### What is expected
Every line below is to be copied exactly, with the pictures left out.

### Data segment
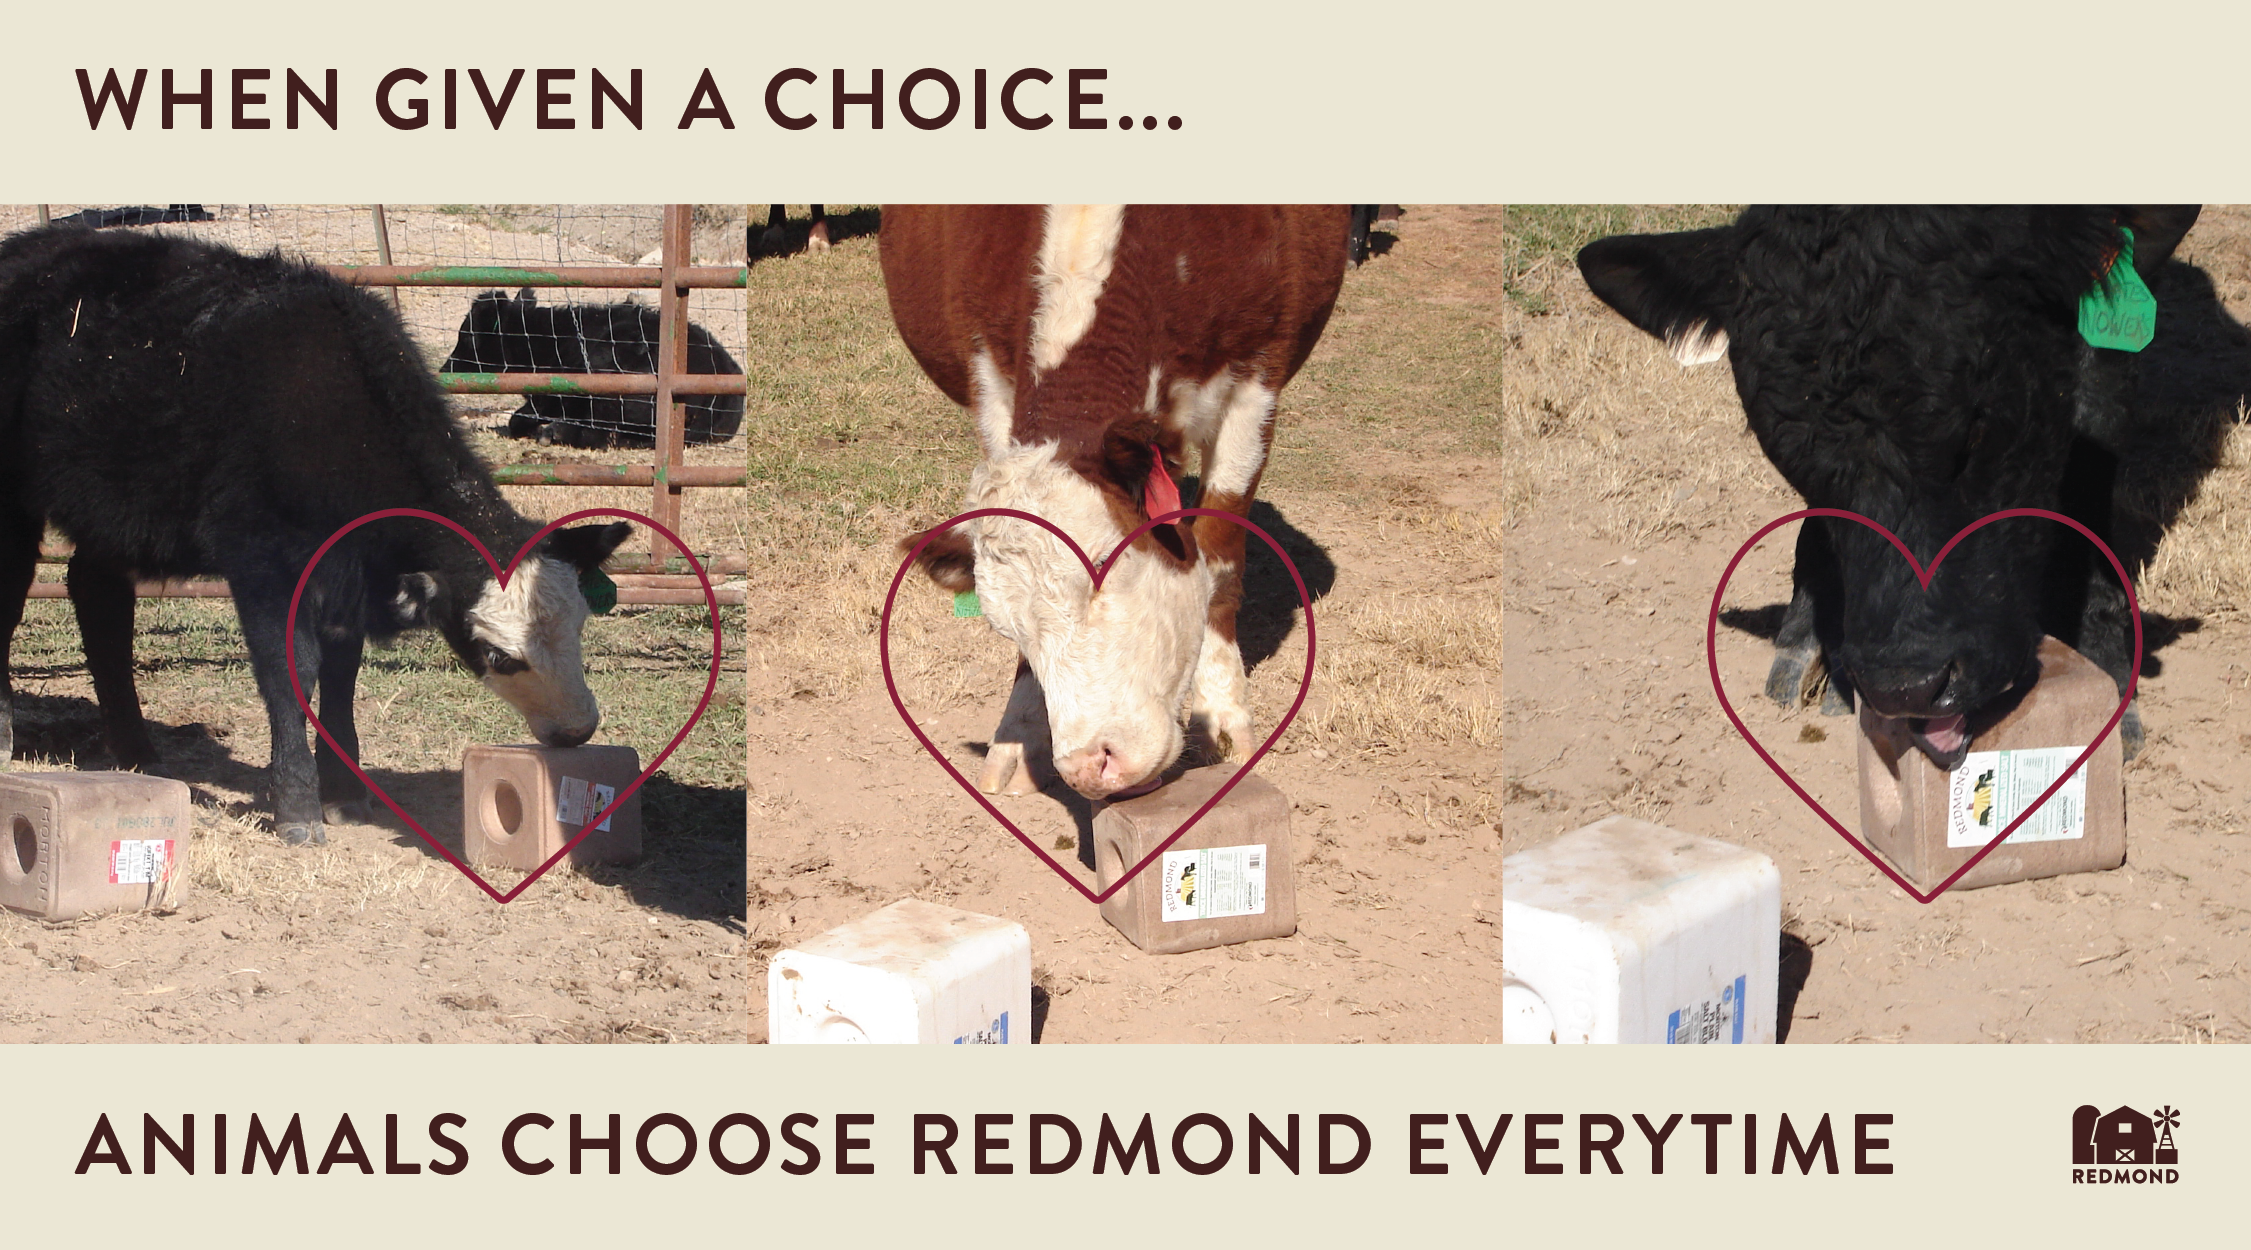 Best Minerals for Livestock: Why Do Animals Prefer Redmond?
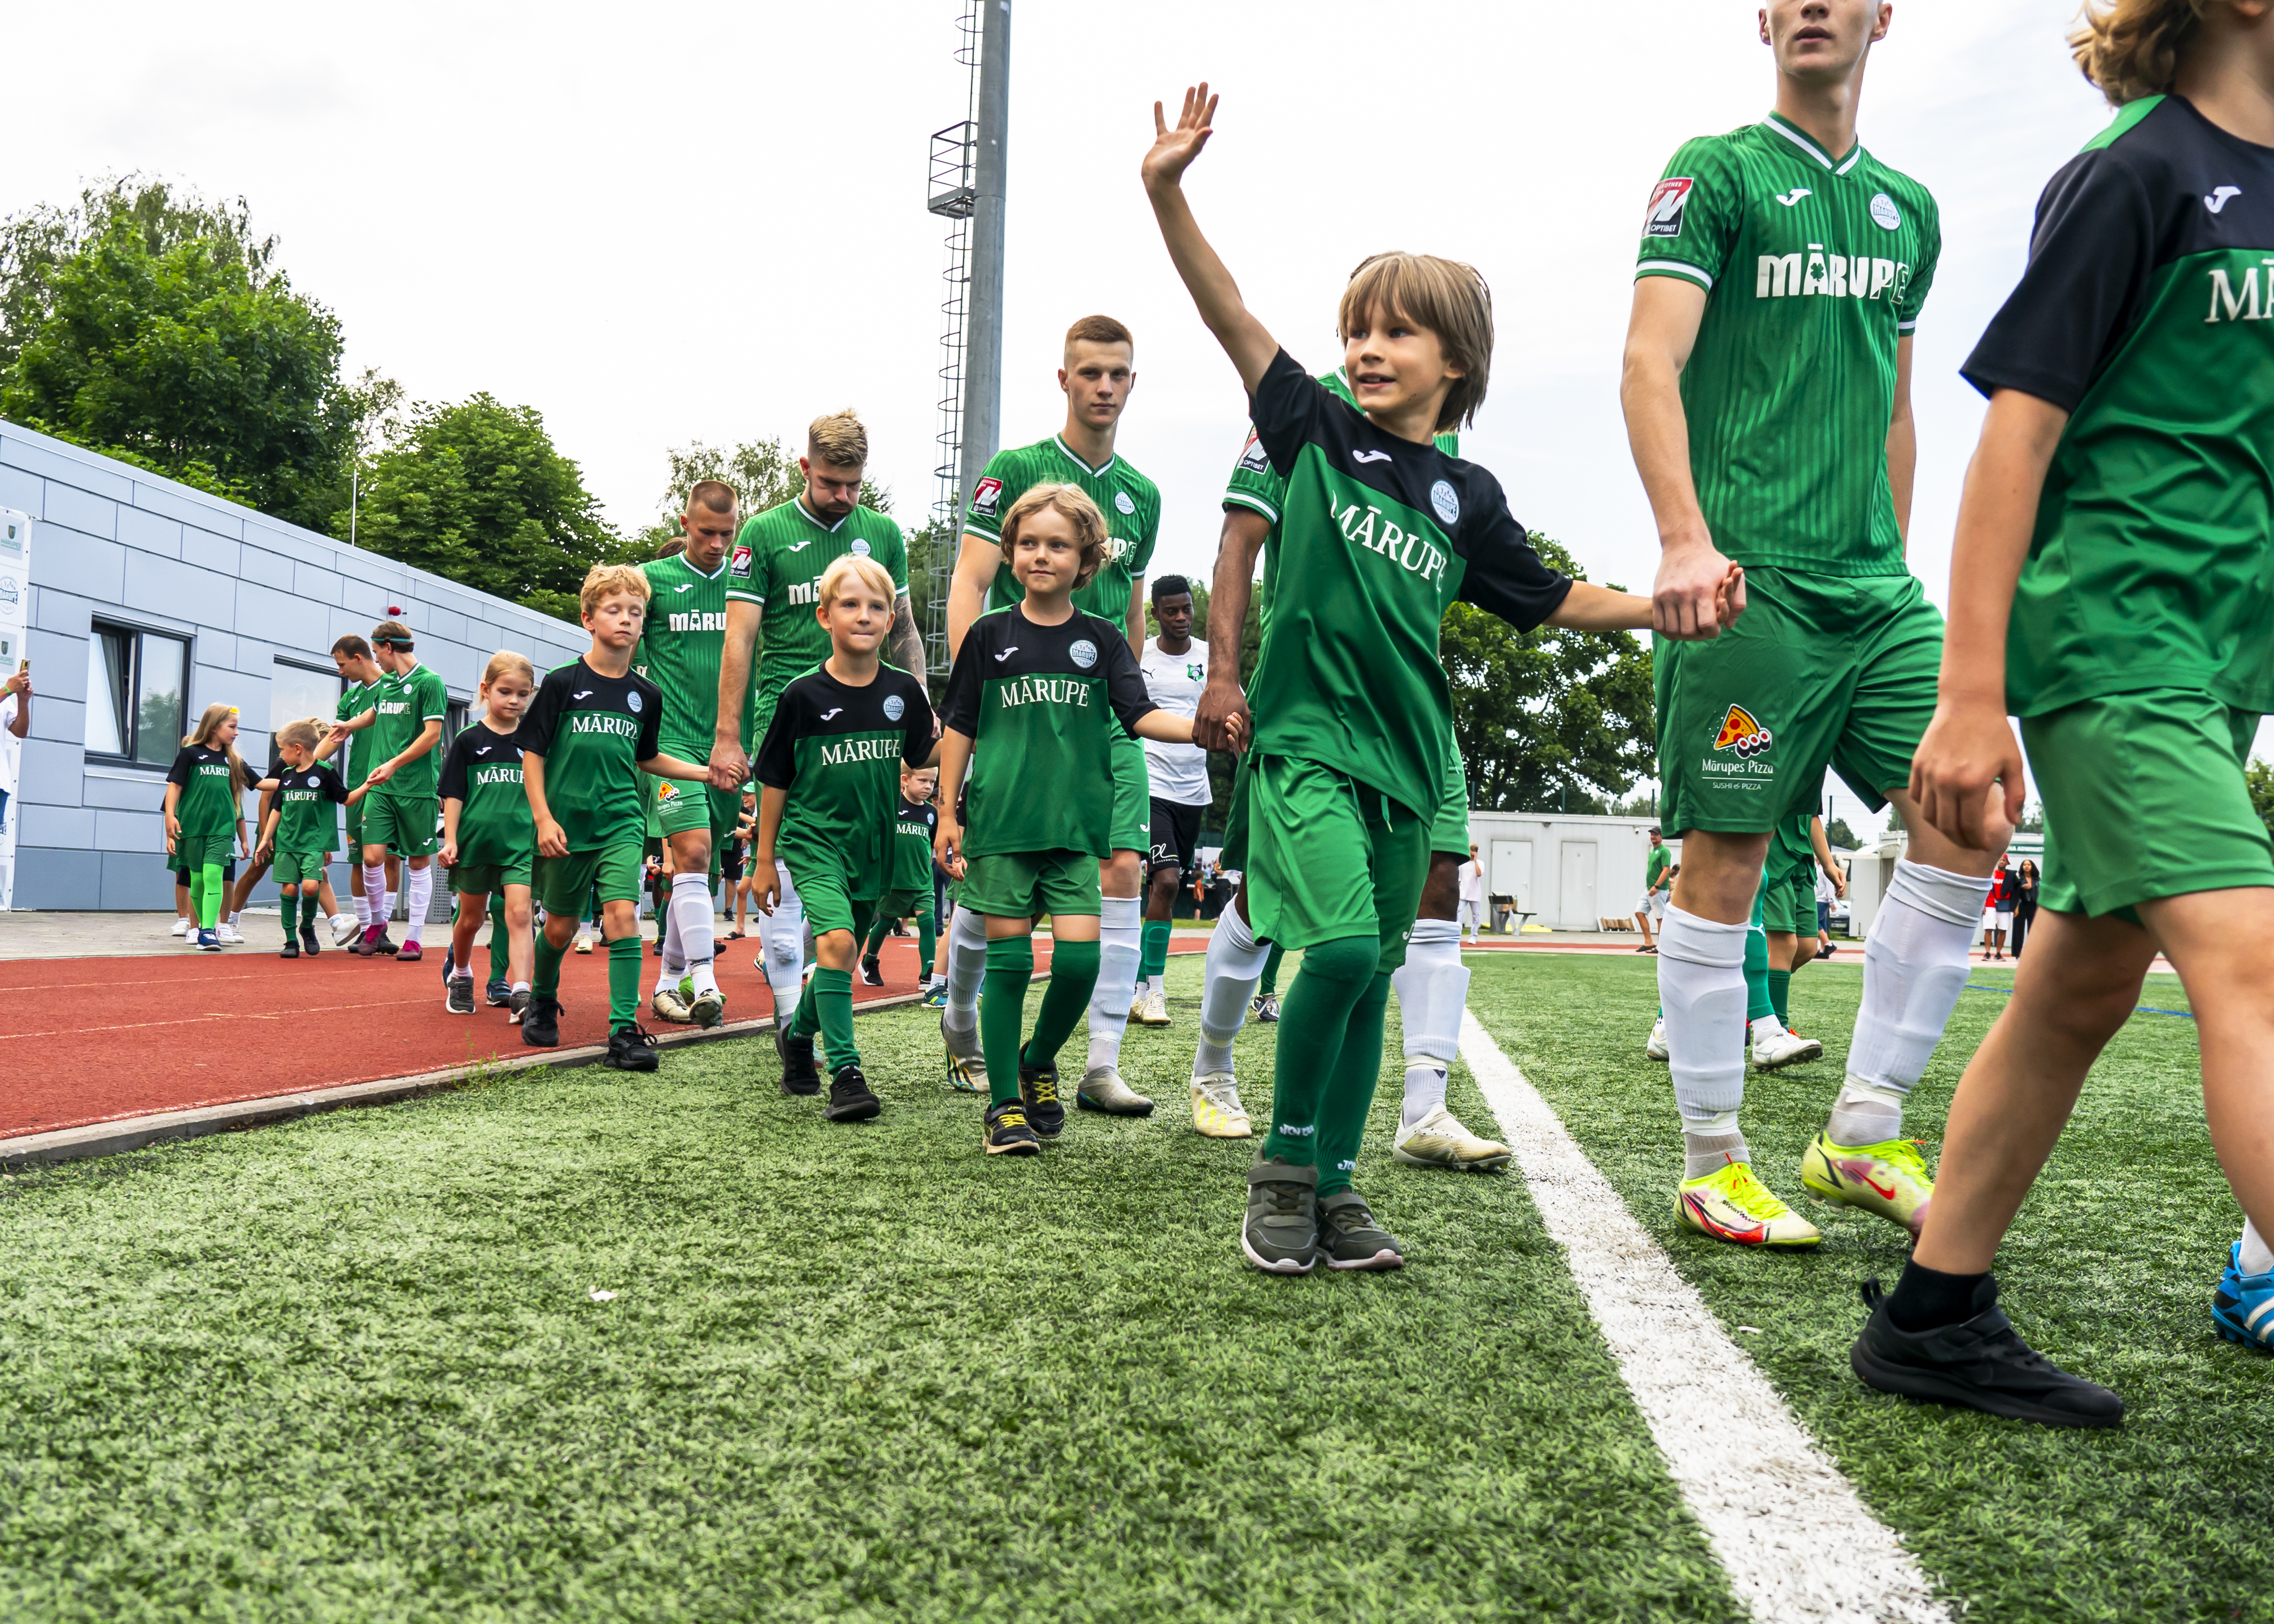 Bērni zaļos futbolistu tērpos pavada uz spēles laukuma lielos futbolistus
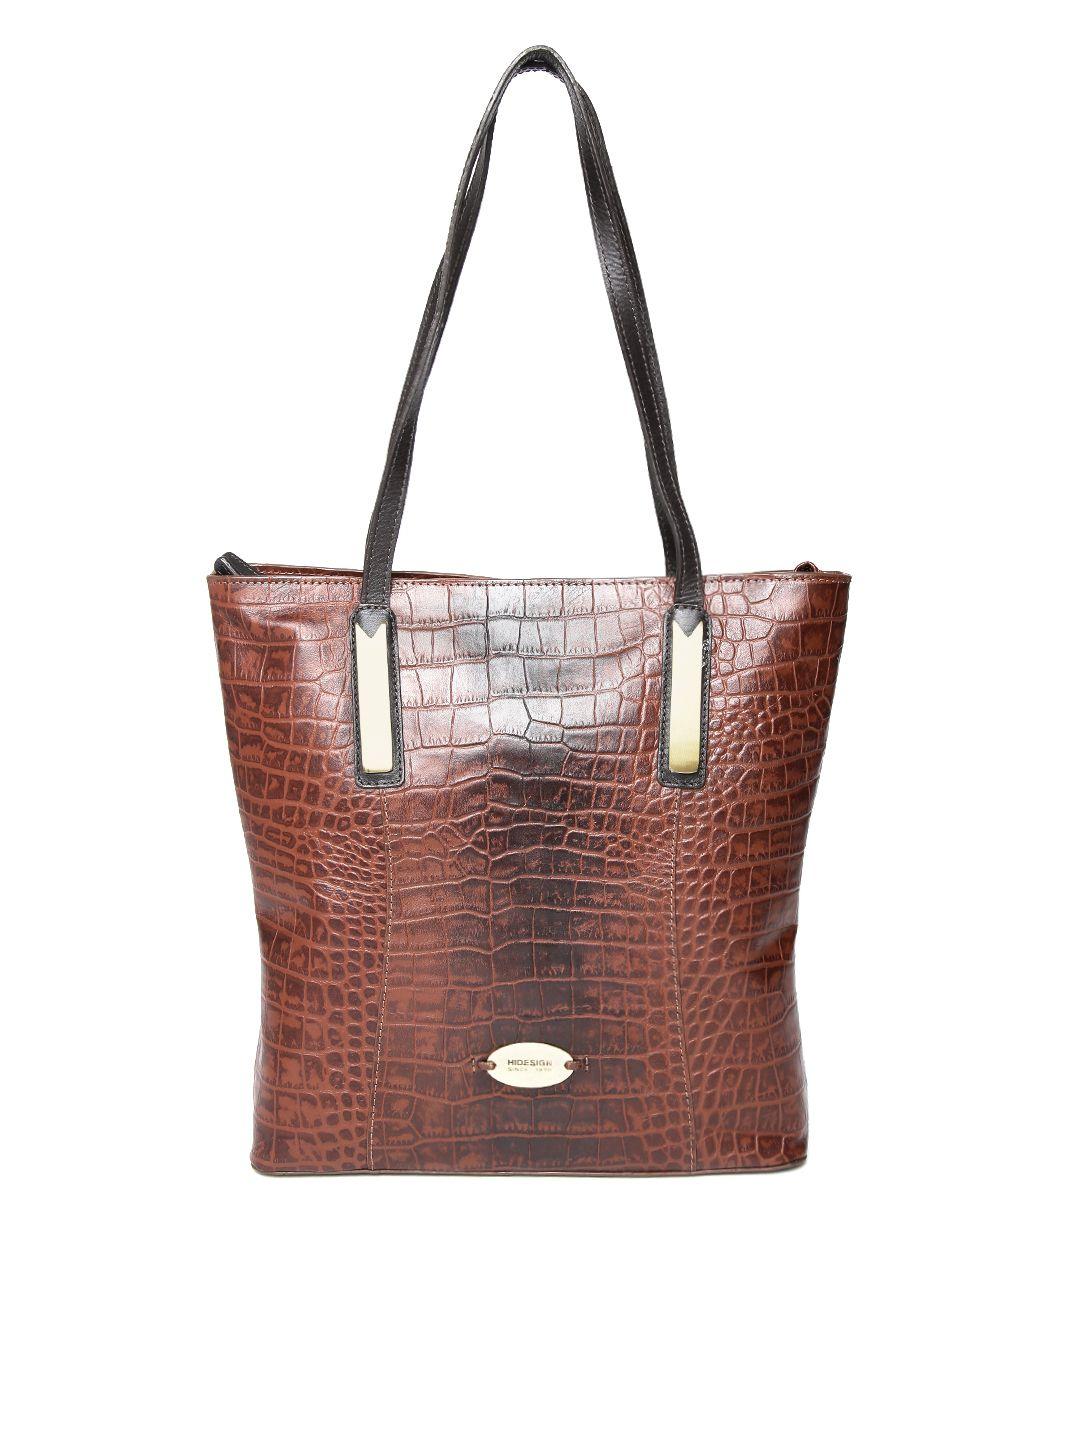 hidesign brown leather croc textured shoulder bag

### Answer to the exercise
 Best Minerals for Livestock: Why Do Animals Prefer Redmond?
 Bērni zaļos futbolistu tērpos pavada uz spēles laukuma lielos futbolistus
 hidesign brown leather croc textured shoulder bag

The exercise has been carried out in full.